The goal of this project is to detect, classify, and display the meaning of the hand signals of a volleyball referee. Going further, this project could, for instance, help those unfamiliar with hand signal meanings by providing an AR overlay for live audience displays or automate score updates during matches using the detected signals.
You can access and test the model here.
There is very little data (almost none, actually) available on the internet for such a task because professional volleyball games typically show the entire court and rarely focus on the referee at the right moment. So I had to make my own dataset using open cv and mediapipe for hands tracking/pose detection. By extracting and saving the landmarks (key features) of the relevant body parts, I was able to create a dataset with my chosen actions and trained the model using an LSTMs and CNNs because each action is a sequence of frames. Since the data is in the form of vectors associated with the positions of body points detected by MediaPipe, we require significantly less data to train our model and get decent results compared to if we were using images as input.

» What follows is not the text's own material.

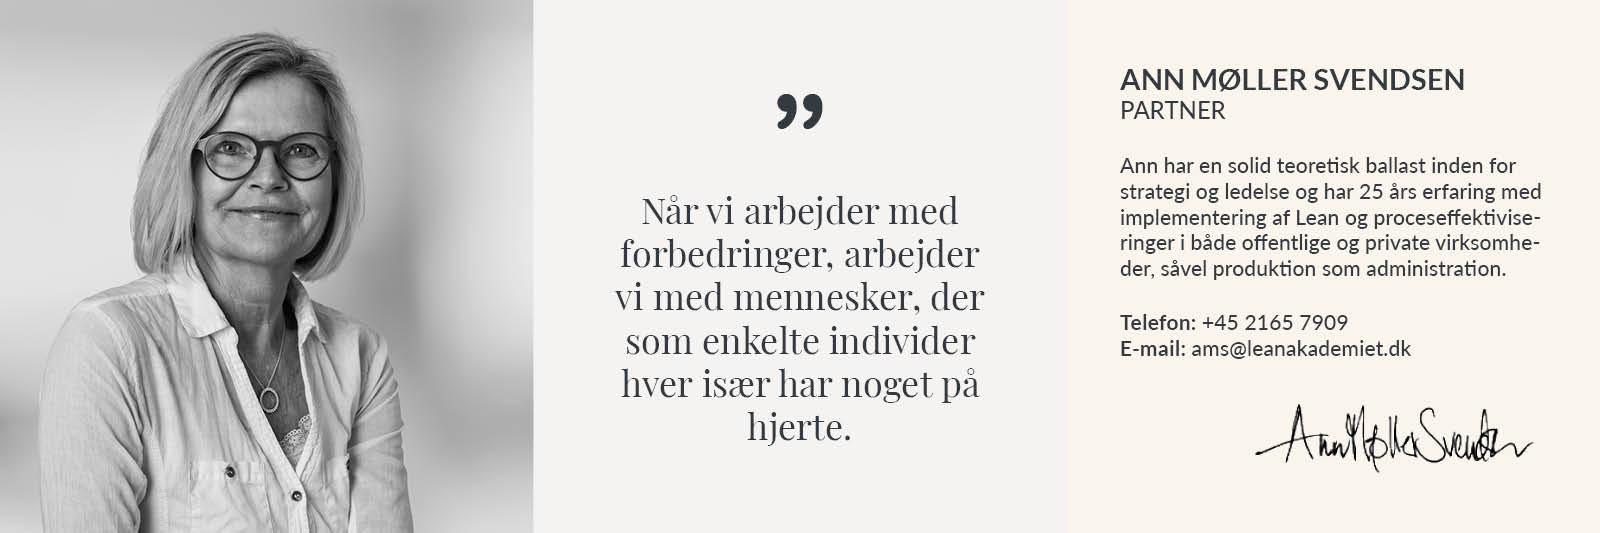 Profil præsentation Lean Akademiet - Ann Møller Svendsen

The current trained model detects 6 different positions :
- Point Left : 1 point is given to the team on the left
- Point Right : 1 point is given to the team on the right
- Out of Bounds : a fault where the ball landed outside the court's boundary lines
- Double hit : a fault where a player contacts the ball twice in succession, or the ball contacts various parts of the player's body consecutively (right hand only)

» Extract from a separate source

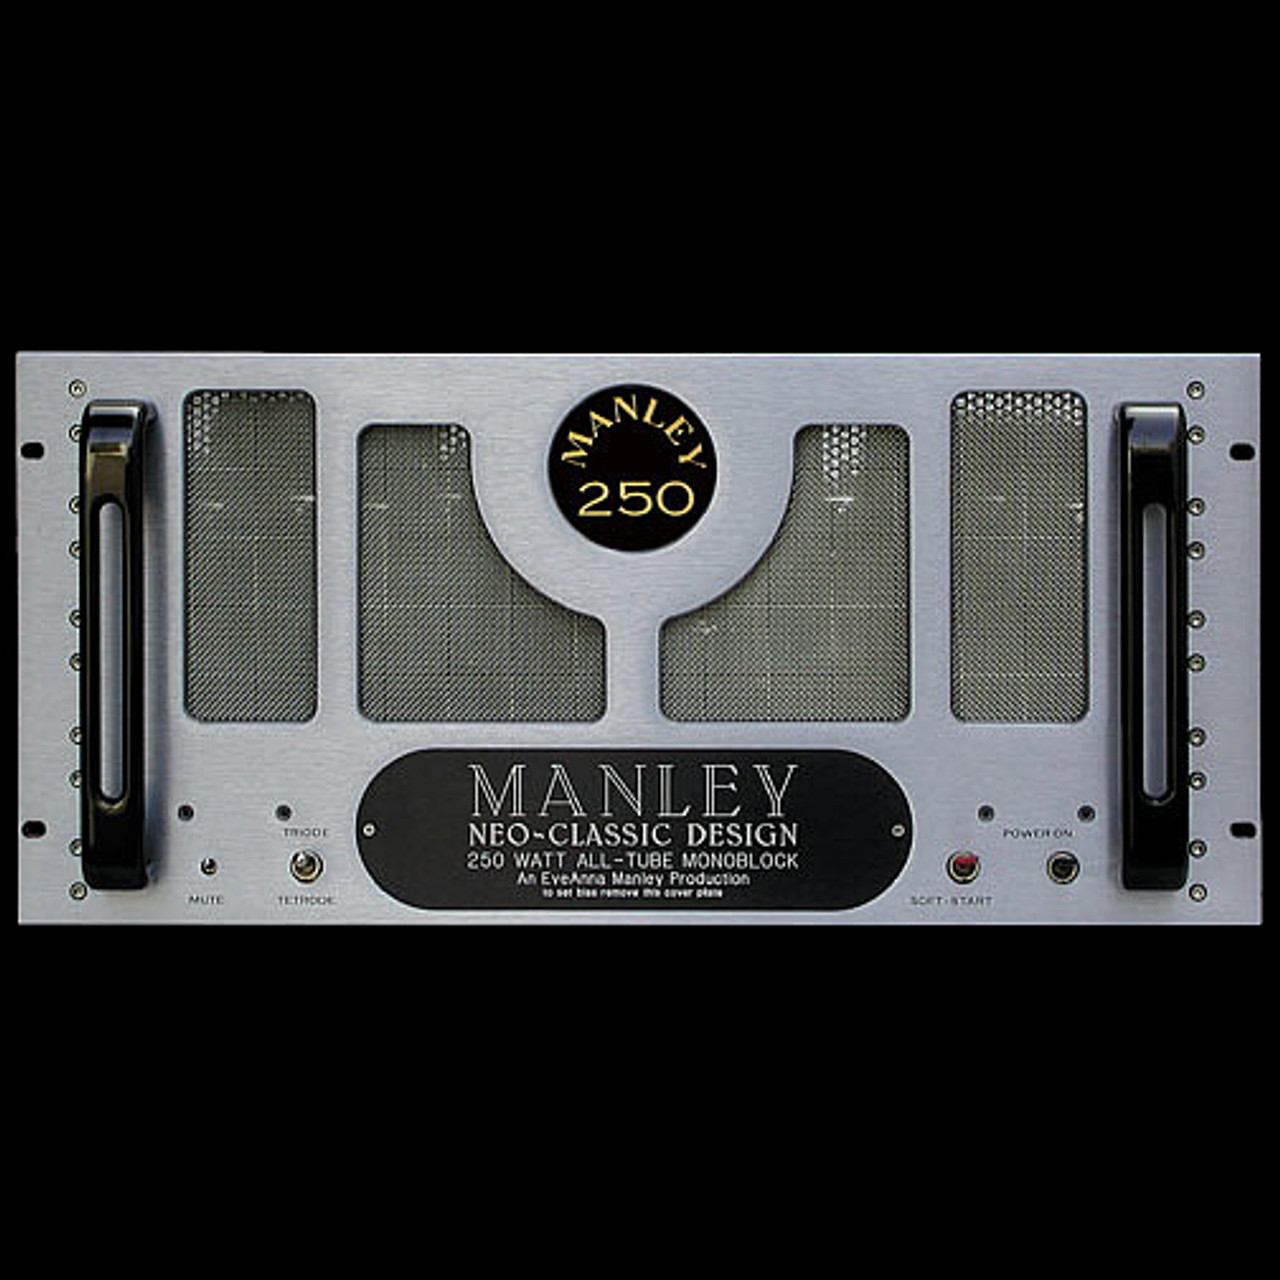 Manley Neo-Classic 250 monoblock amplifiers

- Substitution : the process of replacing one player on the court with another player from the bench
The data creation process is time-consuming, because each action is associated with a sequence of frames (and thus with the corresponding key feature values for each frame), so the dataset is small. As a result, I focused on detecting a limited number of actions for now. (The results are still good because the key features of the chosen actions are very distinct from one another.)

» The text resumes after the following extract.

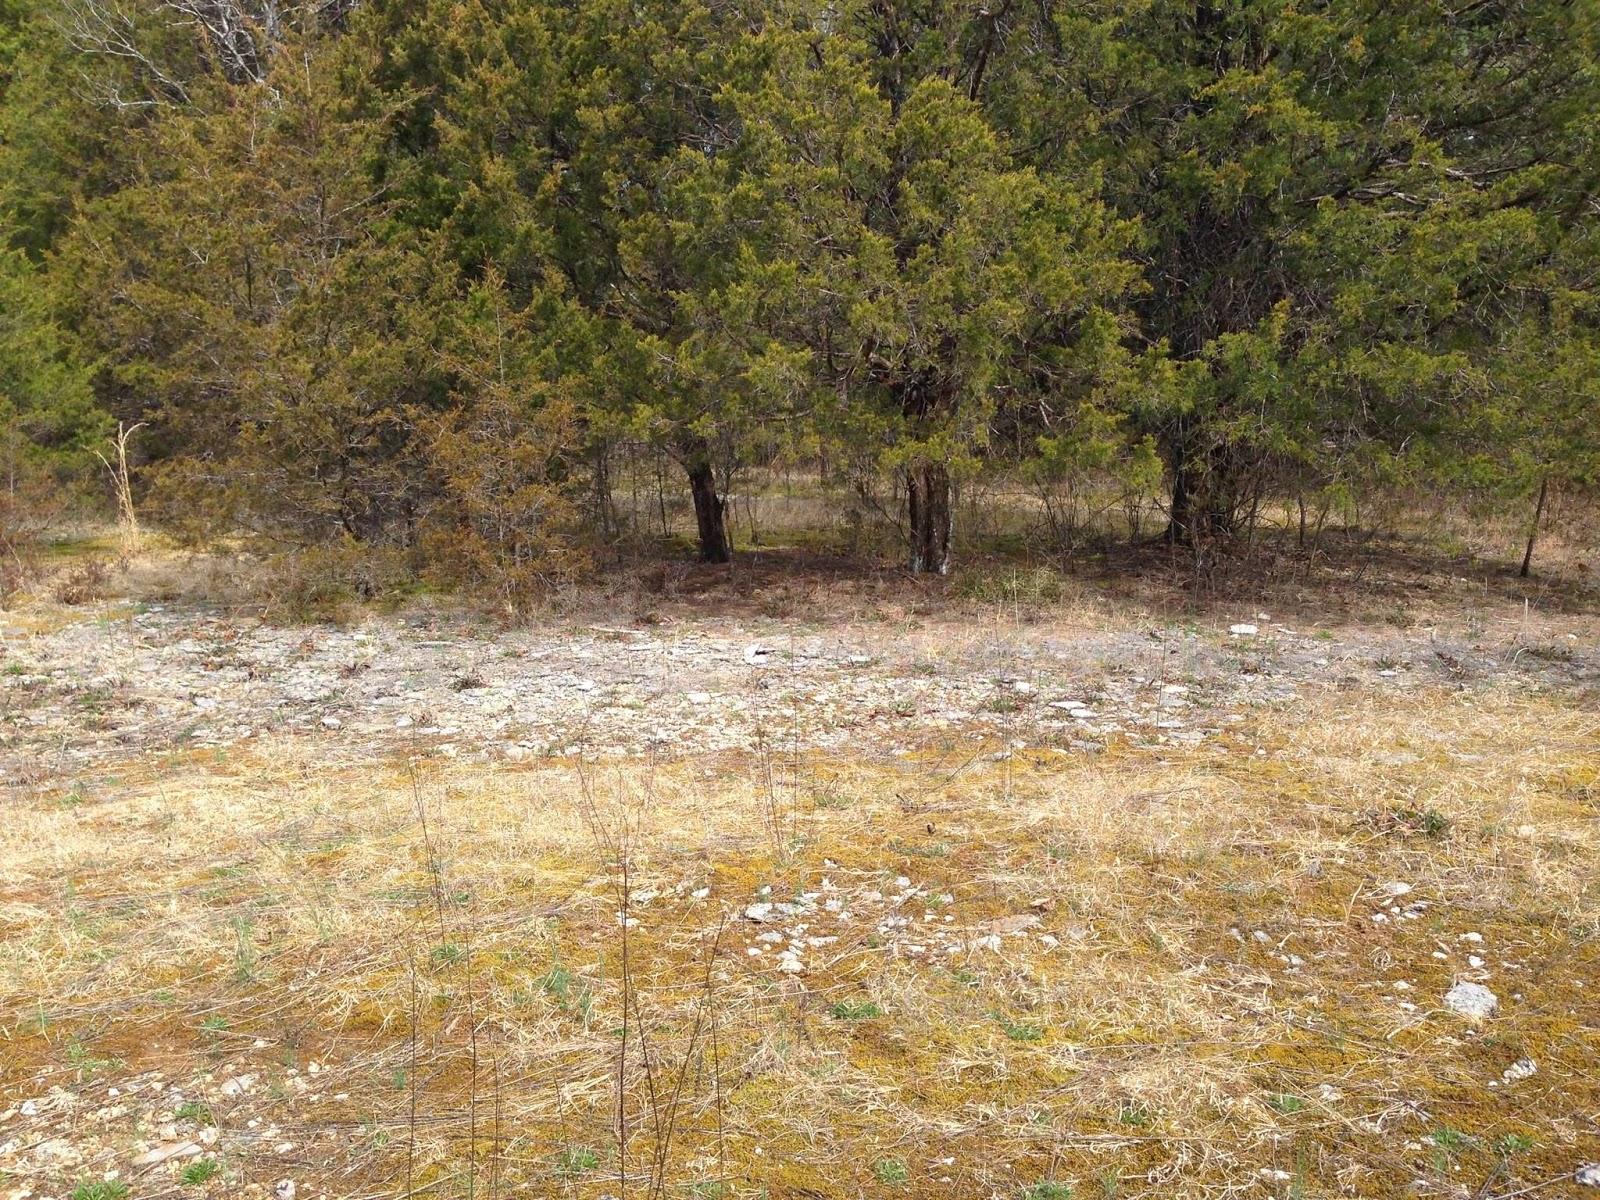 Smallworld cedars of lebanon state park for Cedars of lebanon cabins

Use a dedicated environnement to install the librairies.
Clone repo :
git clone https://github.com/MaxLSB/Volleyball-Referee-Hand-Signals-Recognition-Model.git
Install the requirements for the app:
pip install -r requirements.txt
You can access and test the model here:
https://vb-hand-signals-recognition.streamlit.app/
Detection with your webcam in real time:
python main.py
(You can adjust ViewProbabilities and ViewLandmarks' values at the bottom of the file. They are set to 'True' by Default)
Change the actions in the 'utils/config.py' file.
Start the Data Collecting process with your webcam (takes some time):
python data.py
Train the model:
python train.py
(Scripts must be executed from the root folder of the project, be careful about the paths!)